- Born: March 12, 1973 (age 53) Kuala Lumpur, Malaysia
- Occupation: Fashion designer
- Years active: 2000–present
- Organization: Mellooi Creation Sdn. Bhd.
- Known for: Couture, ready-to-wear, uniform design
- Children: 4
- Website: melindalooi.com

= Melinda Looi =

Malaysian fashion designer

Melinda Looi (Chinese: 吕例霓; born 12 March 1973) is a Malaysian fashion designer. She works in couture, ready-to-wear, and uniform design, and served as president of the Malaysian Official Designers' Association (MODA) from 2019 to 2023.

==Early life and education==
Looi was born in Kuala Lumpur to a family involved in garment manufacturing; her parents operated a pleating workshop known as "Pleats by Looi". She learned sewing and garment construction at an early age.

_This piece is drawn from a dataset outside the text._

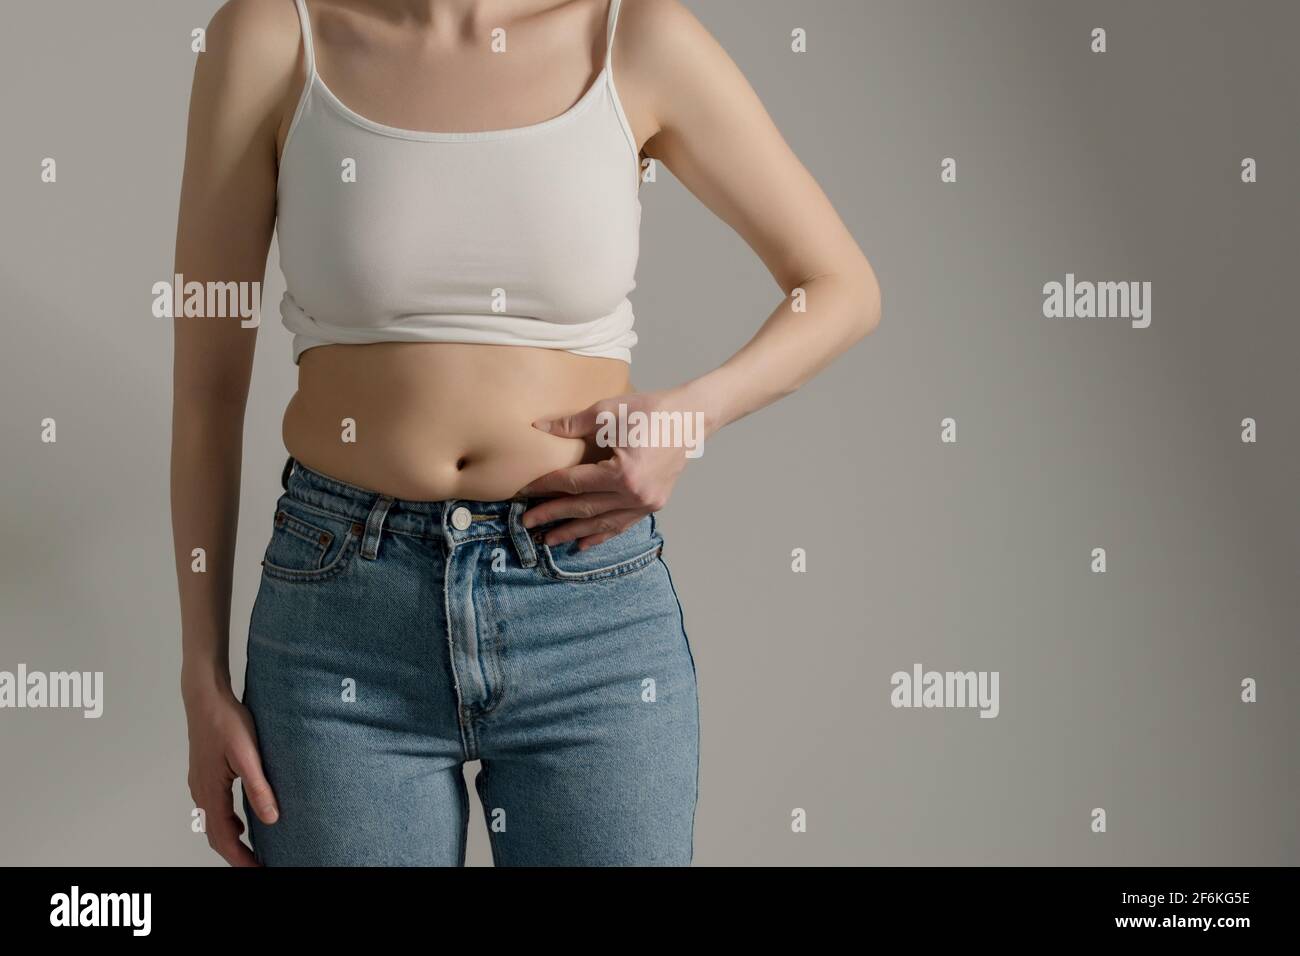 Mujer en jeans y camisa blanca pellizcando su vientre gordo. Figura de la mujer estudio de primer plano con fondo gris. Dieta y concepto de pérdida de grasa. Foto de stock

In 1995, she won the Malaysia Young Designer Award, which granted her a scholarship to study fashion at LaSalle College of the Arts in Montreal, Canada. After completing her studies, she worked briefly in costume design for television and film in Canada before returning to Malaysia.

Looi has four children.

==Career==
===Fashion lines===
In 2000, Looi founded her namesake brand under Mellooi Creation Sdn. Bhd., launching both couture and ready-to-wear collections.

In 2003, she introduced a diffusion line, MELL, targeted at younger consumers.

===Uniform design===
In 2009, Looi expanded into uniform design through her label Uniform Atelier. Uniform Atelier has produced custom uniforms for hotels and corporate clients in Malaysia and overseas, such Hyatt Centric Kuala Lumpur.

In 2021, Looi was included in Tatler Asia’s “Asia’s Most Influential (Malaysia)”.

In 2024, Looi debuted a cultural-fusion collection featuring batik motifs and beadwork. Later that year, she collaborated with Penan artisans in Sarawak to create a rattan-based gown worn by singer Aina Abdul.

In 2025, Chinese actress Fan Bingbing wore a bespoke Baju Kurung designed by Looi for her Datukship conferment ceremony.